– Эмилия. Меня зовут Эмилия.
– Эмилия. Очень приятно.
– Вы так и не ответили. Что за интерес? – не успокаивалась она.
– Я же говорю,– личный, – настаивал я.
Мне совершенно не хотелось объяснять малознакомой даме, а тем более в многолюдном окружении, почему я готов не жалеть времени и средств на благие дела. Хотя если быть честным, такого ответа у меня просто не было, а размышлять и пытаться найти его я считал бесполезной тратой времени.
– Личный… Ну хорошо, – недовольно бросила Эмилия.
– Спасибо за понимание, – поблагодарил я в надежде на ее молчание. Но спустя секунду она вновь продолжила:
– Мистер Радецкий, если для вас главным критерием в помощи людям является не похвала и зависть друзей, так почему вы просто пересылаете эти деньги, которые заработали, кстати, сомнительным образом, на счета клиник, больниц или фондов «вслепую»?
– Что вы имеете в виду? Каким еще сомнительным образом? – разгорался я. Ее вопросы действовали на меня как мулета на быка.
– Почему вы не следите за тем, куда именно уходят деньги? Может быть, вам все равно? Почему вы, перечисляя их в «неизвестность», считаете, что выполнили долг перед теми людьми, на чье лечение они якобы пойдут? Или все же в вас присутствует скрытая надежда на похвалу друзей и других людей? Может… вы обманываете сами себя?
Что это был за допрос, я не знал и не понимал, почему она так рьяно набросилась именно на меня. Ее мотивы остались непонятны.
– К чему вы ведете? – Джон прервал череду вопросов Эмилии. Она встрепенулась, устремив свой соколиный взор на него, и продолжила уже более мягко:
– Я работаю в одном из центров паллиативной медицины. Это детский центр и, поверьте, я знаю, о чем говорю.
Меня бросило в дрожь. Инстинктивно я сжал памятные часы, находившиеся в кармане брюк.
– Вы считаете, что за ширмой ваших денег нет другой жизни? Думаете о своей жизни как о главном достоянии и о том, как сделать это достояние еще слаще… Но мир – это не только узкий круг вашей вседозволенности. Мир намного больше, и в нем, увы, не все такое розовое…

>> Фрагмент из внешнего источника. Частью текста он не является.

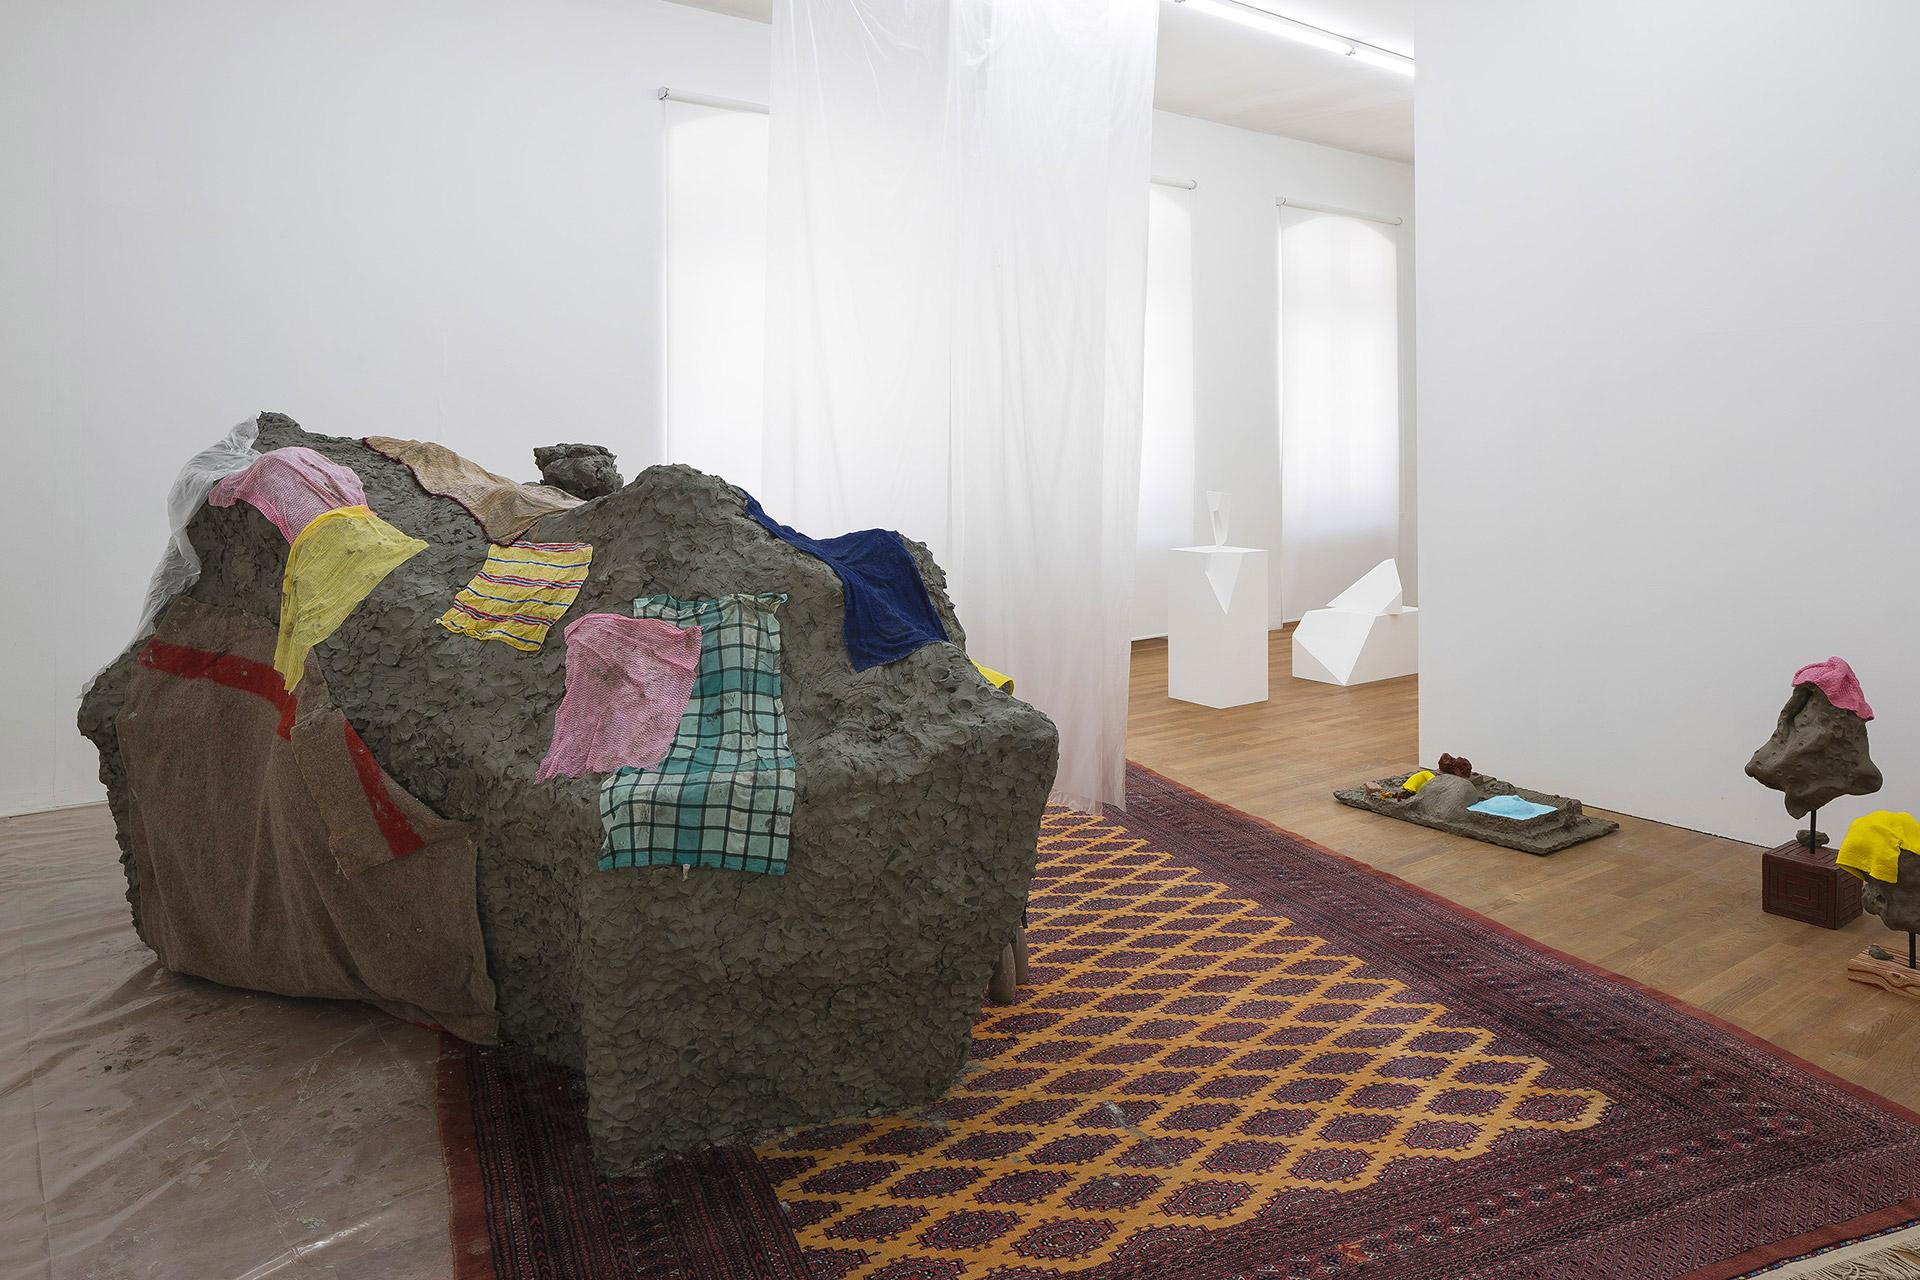 Gianin-Conrad-Kunsthalle-Winterthur-2015-1.jpg

Ее выступление было недолгим, но объективным. Все гости сидели, склонив смиренно головы, и молчали. На их лицах читалась грусть, разбавленная страхом. Для них рождество было безвозвратно украдено Гринчем, чью роль сыграла (причем очень хорошо) Эмилия. Она медленно села, больше так и не произнеся ни единого слова за весь оставшийся вечер.
Среди всех участников вечера Эмилия выделялась своей молчаливостью, но в ее глазах бушевал целый ураган эмоций. Она была на взводе, и это прекрасно читалось по ней. Пообщаться в тот вечер нам больше не удалось, да и вряд ли я тогда этого хотел. Даже обычное прощание, которое свойственно всем званым ужинам в конце вечера, с ней я проигнорировал, сославшись на какой-то более важный разговор с другим человеком. Она ушла самая первая, скромно, молча и так ни разу не обернувшись назад. Я смотрел вслед, провожая ее светлый силуэт в ночь, и размышлял о том, кто она и как оказалась в этом месте.
– Алекс, разузнай про эту Эмилию все, что сможешь. Мне нужна информация. И откуда она вообще взялась в ресторане? – начал я, когда мы сели в авто.
– Она была в списке приглашенных, Ян. Скорее всего, Джулия ее пригласила, но почему и как – не знаю. Более подробную информацию дам завтра, – ответил он, заводя двигатель.